About this task
The response should be an exact transcription of the data below, free of images.

Exercise data
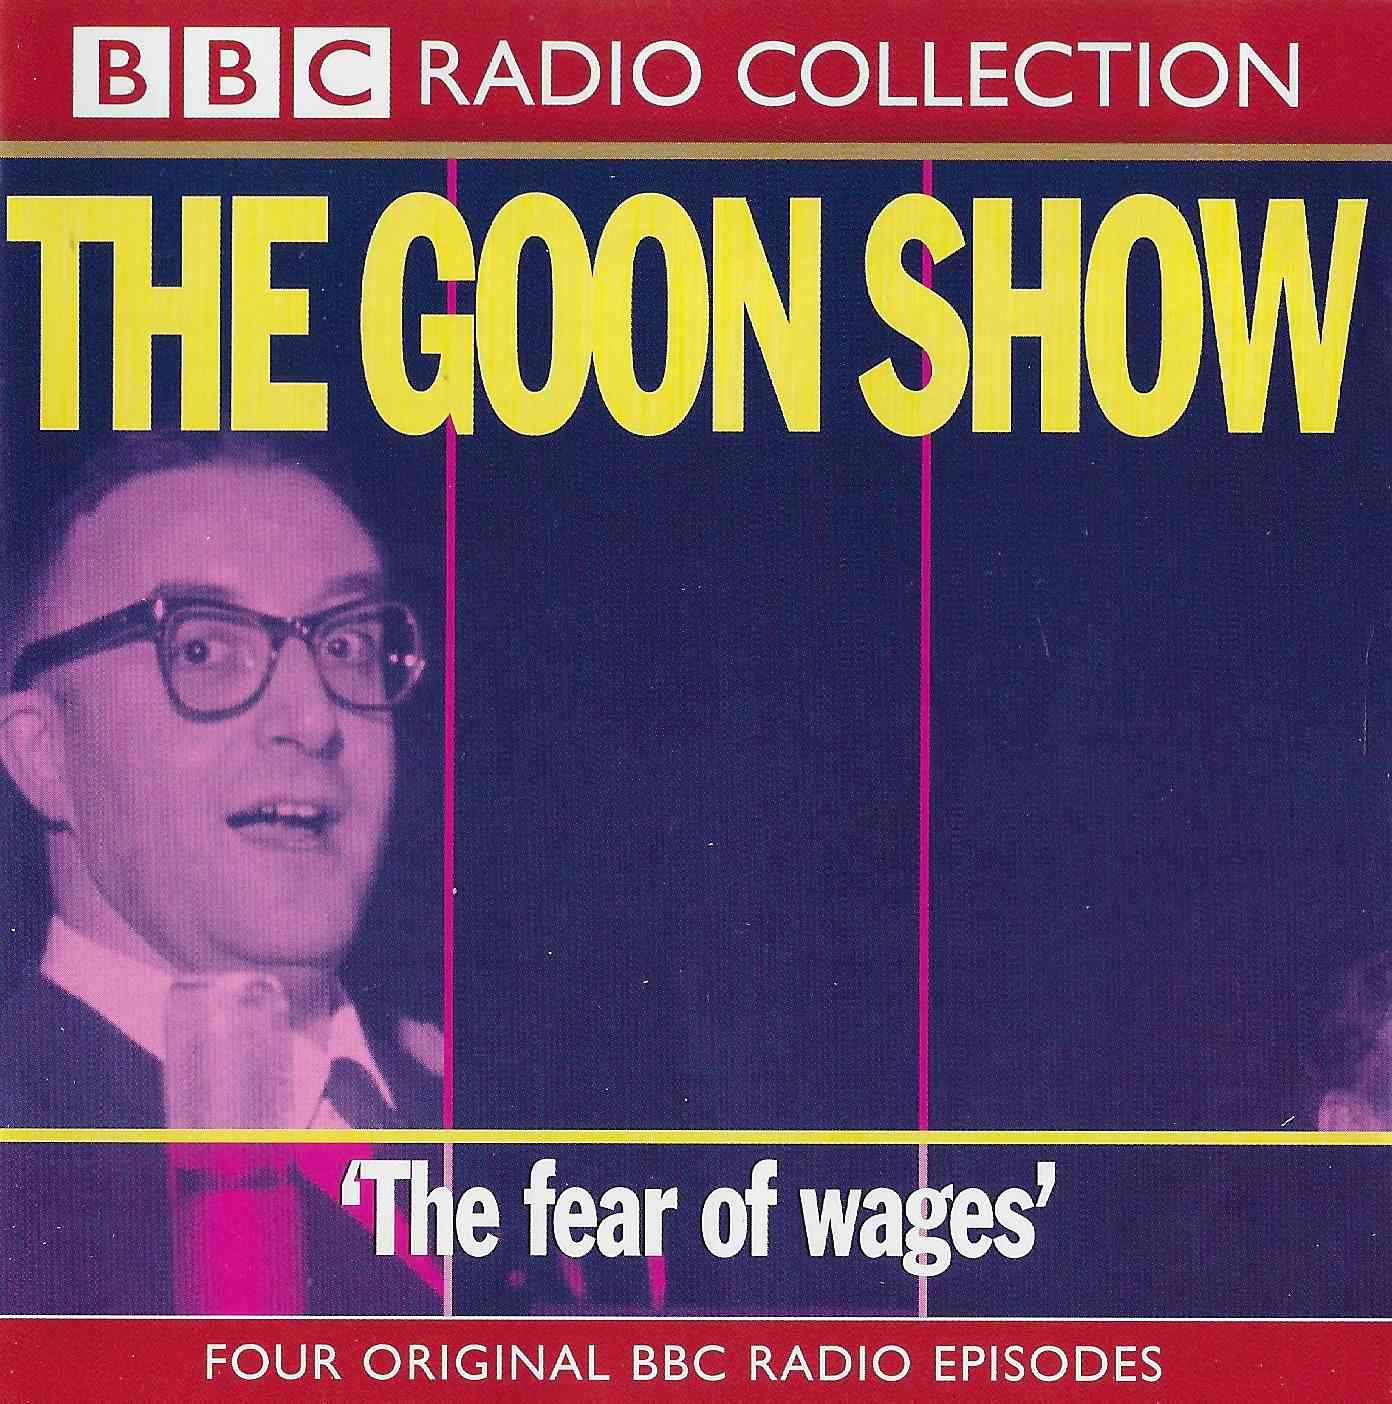 Picture of ISBN 0-563-53629-2 The Goon Show 20 - The fear of wages by artist Spike Milligan / Larry Stephens
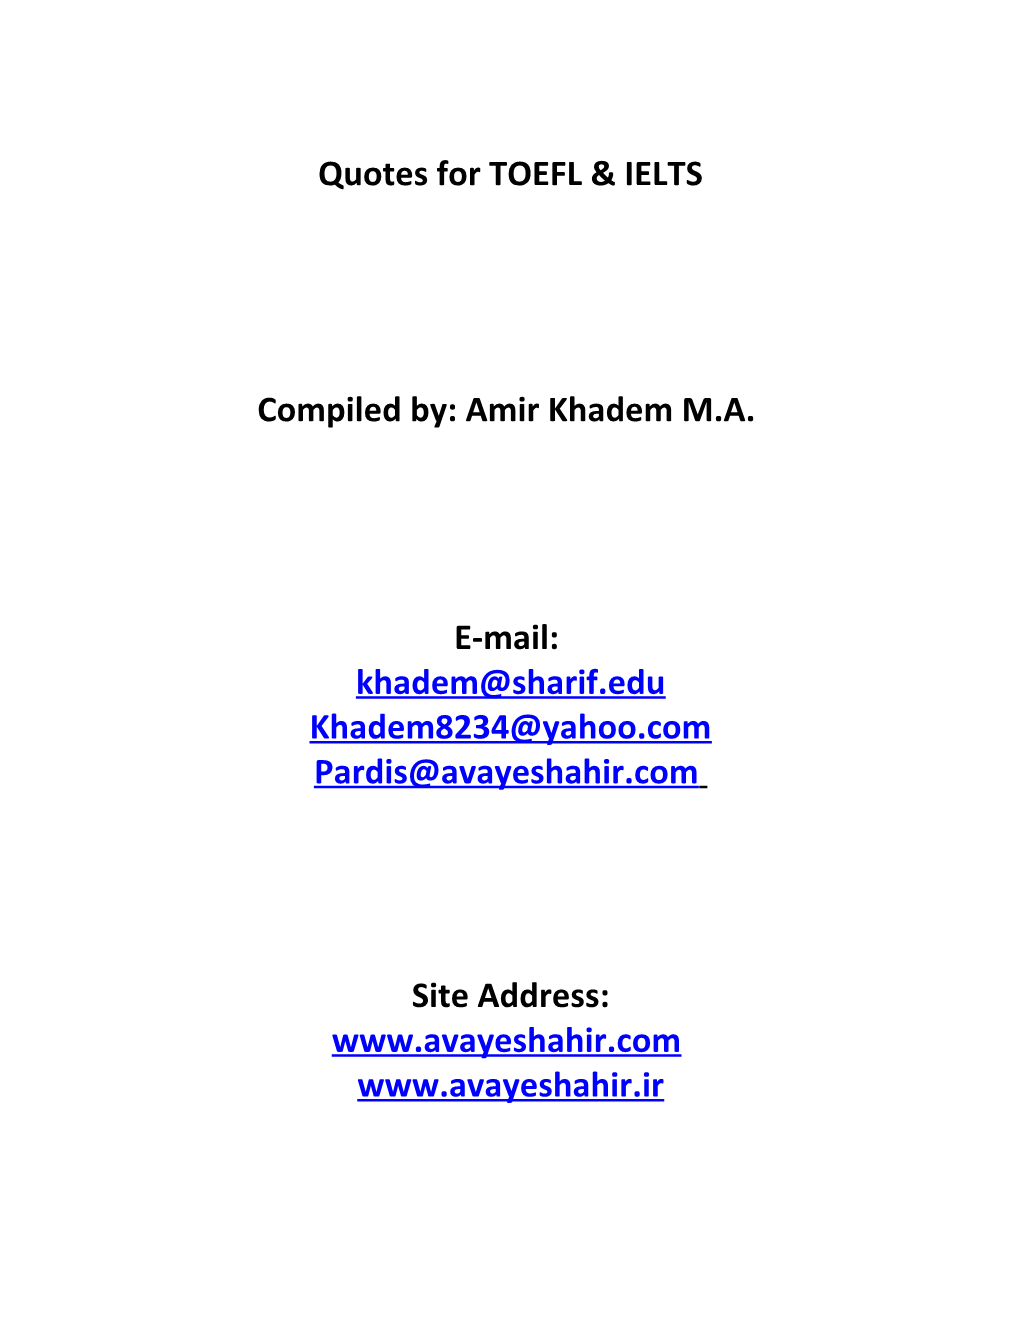 Quotes for TOEFL & IELTS
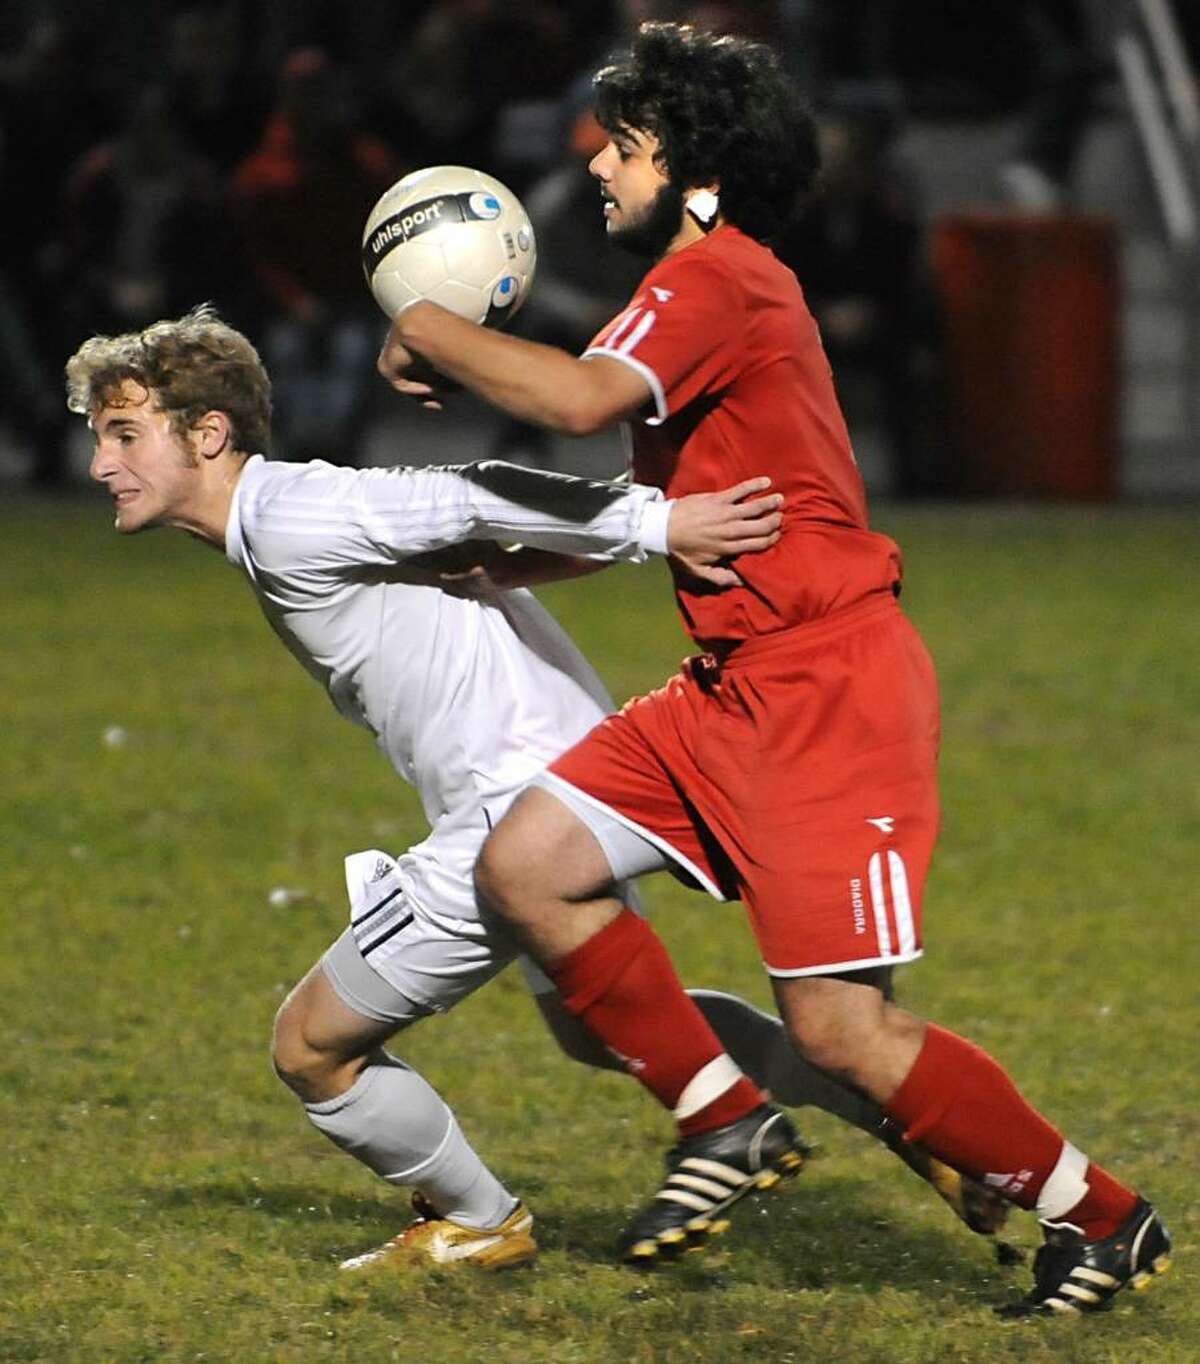 From left, Joe Cillis, of Voorheesville, and Nick Forget, of Waterford, battle for the ball during the Class CC/C boys' soccer playoff held in Colonie. (Lori Van Buren / Times Union)

Exercise result
 Picture of ISBN 0-563-53629-2 The Goon Show 20 - The fear of wages by artist Spike Milligan / Larry Stephens
 Quotes for TOEFL & IELTS
 From left, Joe Cillis, of Voorheesville, and Nick Forget, of Waterford, battle for the ball during the Class CC/C boys' soccer playoff held in Colonie. (Lori Van Buren / Times Union)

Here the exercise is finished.